Two are each too large for a section of one block and too small for a section of two blocks. Ten coincidences are required here, if one rejects the theory. But, it is particularly to be noted that the ten coincidences are required even though we limit ourselves to the condition that no one of the incidents shall stand alone. If we go into combinations, we may formulate another and longer series without including more incidents than are listed in the tabulation. Thus, 52+30, 52+44, 52+92, 52+15, 52+95, 52+94, 30+44, 30+15, 30 + 153, 44+92, 44+15, 44+95, 44+94, 44+153, 92+95, 92 + 192, 92+94, 92+153, 92+79, 15+153, 15+79, 95+192, 95+94, 95+79, 192+94, 192+79, and 94+79 are twenty-seven binary combinations formed from the ten incidents listed. Each and everyone is a grouping that would have defeated the theory. We have not gone outside the ten incidents, although there are twenty-four in all. Moreover, ternary and higher combinations have not been considered. Enough has perhaps been indicated, however, to make it clear that the number of unsuitable groupings is quite large. The occurrence of any one of them would have made the present reconciliation of the order of events in Matthew and Mark impossible.

In Conclusion

Apparently, it is possible to maintain any one of five explanations for the disagreement between the two Gospels in respect to the order of parallel events in Mt. 3:1–13:58 and Mk. 1:1–6:13. Similar explanations may also be maintained for the minor disagreement in order in the textual regions Mt. 21:10–22 and Mk. 11:11–26. With regard to this latter, the series of explanations is to be so broadened as to include the simple reversal of a single leaf inscribed on both sides.

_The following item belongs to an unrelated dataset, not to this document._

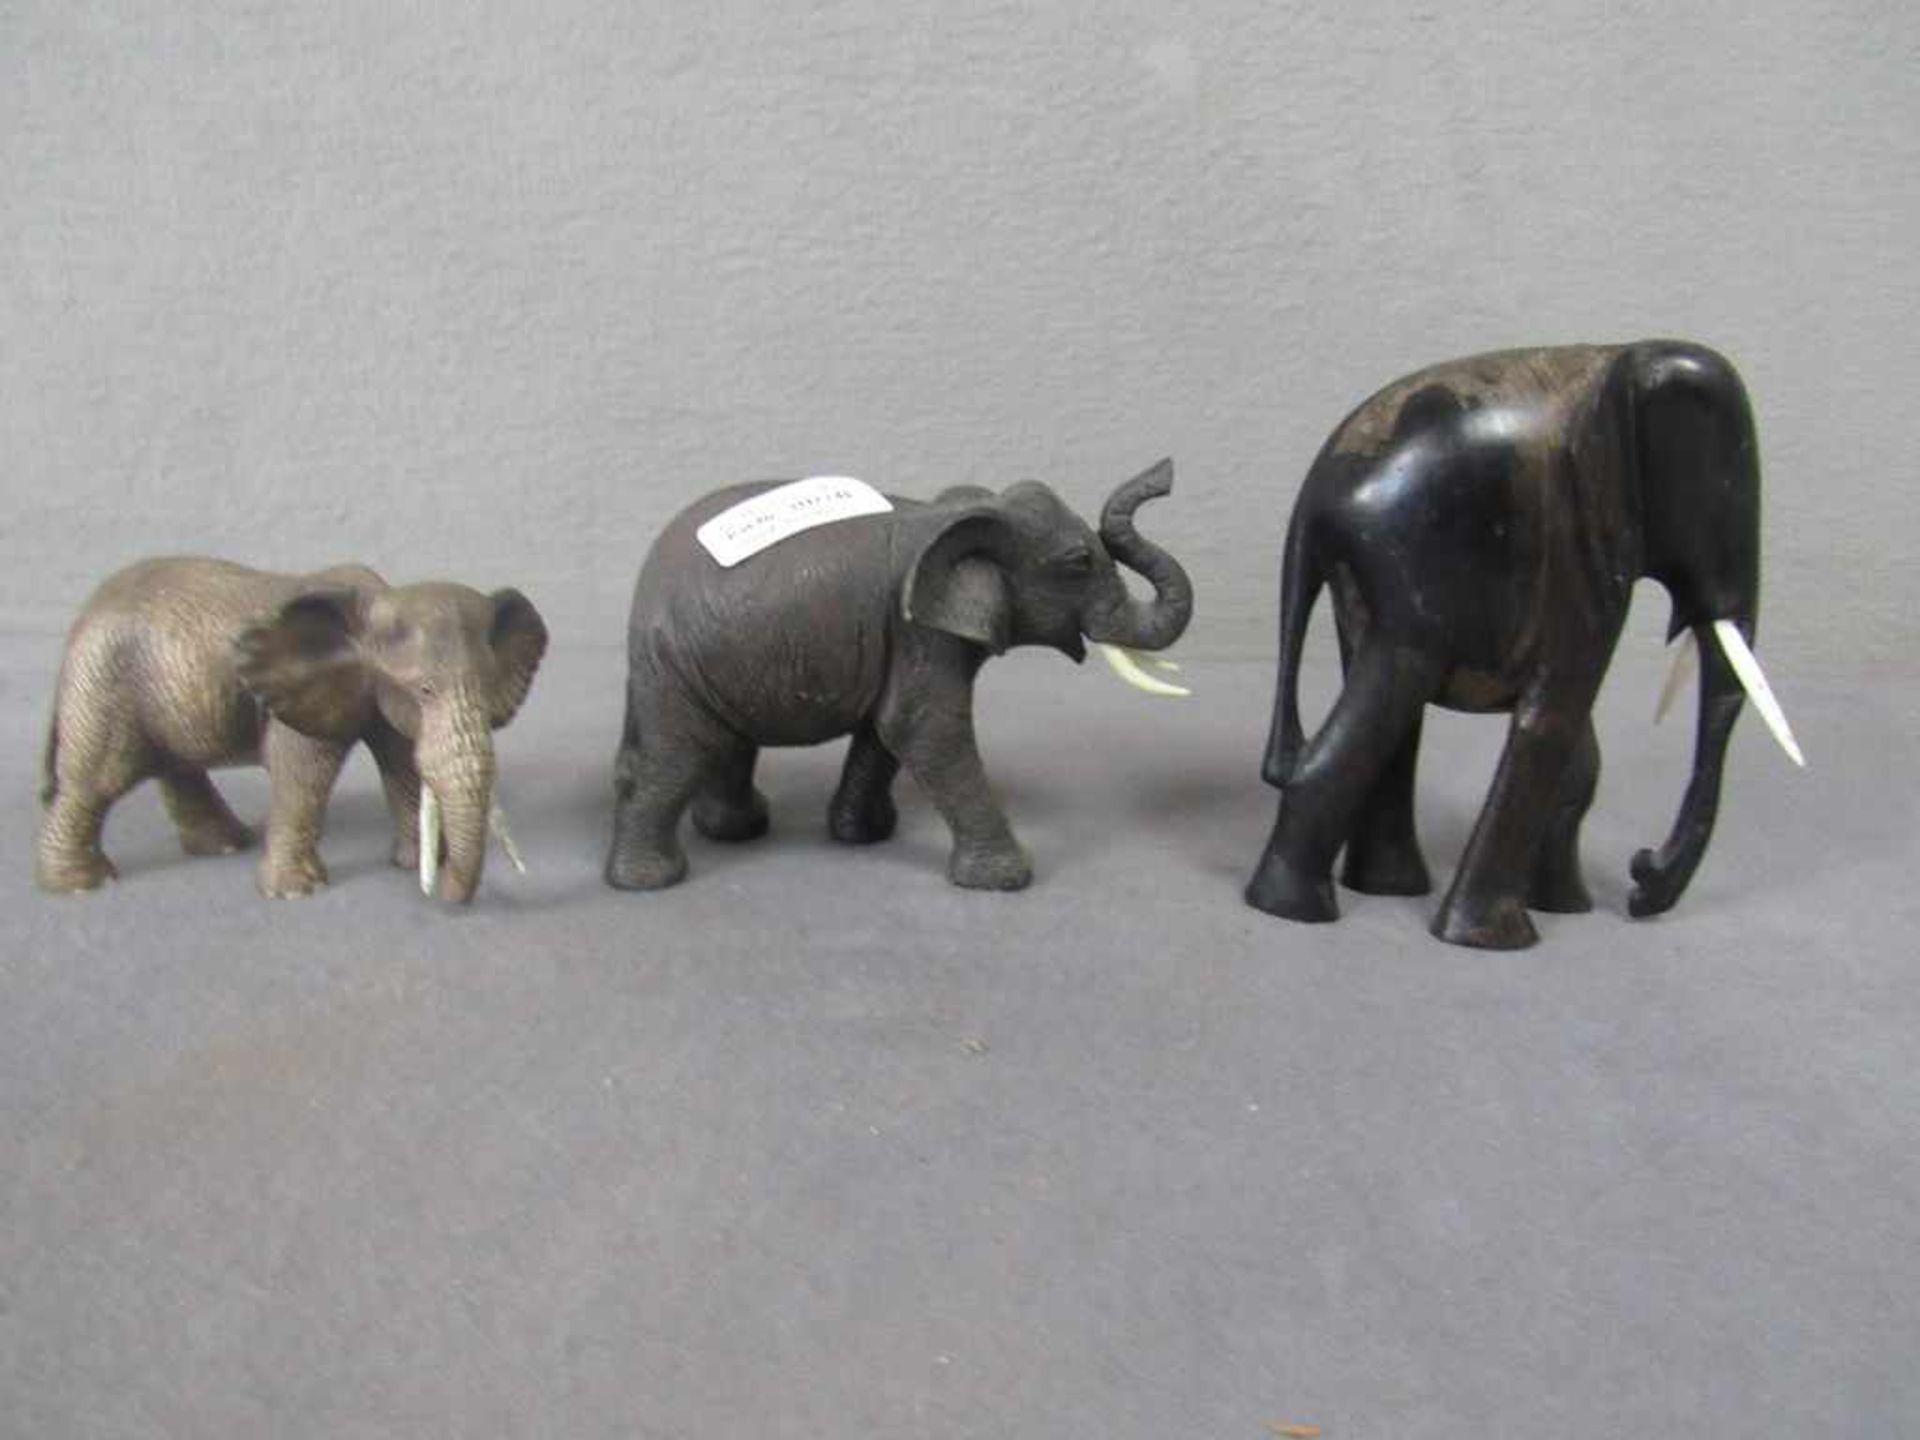 Konvolut drei Elefantenskulpturen 9-16cm- - -20.00 % buyer's premium on the hammer price19.00 %

The explanations seem to conform to what is known as to rolls and codices in the first Christian century; or, when the point involves something unknown, to the probabilities surrounding the matter. If the point concerns the inscription of loose sheets that are afterwards to be gummed or sewed together into a roll or looped together into a tabular codex, the probabilities are with us. If a question is raised as to whether tabular and folded-leaf codices were in existence at so early a date, again we have the probabilities on our side. If it is a matter of the small size of the textual block or the considerable variation of the block size, there are concrete examples to reassure us. If the point is raised that the ancients seemed anxious to save space and so began new paragraphs on the same line as that containing the ending of the old, we again have the reassurance of actual examples proving that other systems were also in use. And, if it seems a good deal to ask that interruptions in the continuity shall occur at eleven selected points where the text passes from one incident to another, then an examination into the matter shows that the coincidences thus desired are counterbalanced or more than counterbalanced by a cloud of coincidences that would be brought into existence by the rejection of the theory of the mechanical derangement of the text of Mark.

 

1) Introduction to Greek and Latin Palaeography (1912), p. 13.

2) Plurium tabularum contextus caudex apud antiquos vocatur, unde publicae tabulae codices dicuntur. Seneca, De Brevitate Vitae, 13.4.

3) Grenfell & Hunt’s Oxyrhynchus Papyri.

4) The number of words interposed has been determined from the published text of C. As C does not contain the omitted text and only a portion of the intervening text, the numbers of words have been counted in Westcott & Hort’s recension of the Greek N. T.

5) P. J. A. Hort was perhaps the first to discern a misplacement in an ancestral text of C. See Introduction (The New Testament in the Original Greek), p. 268.

6) E. M. Thompson, op. cit., p. 58, n. 3.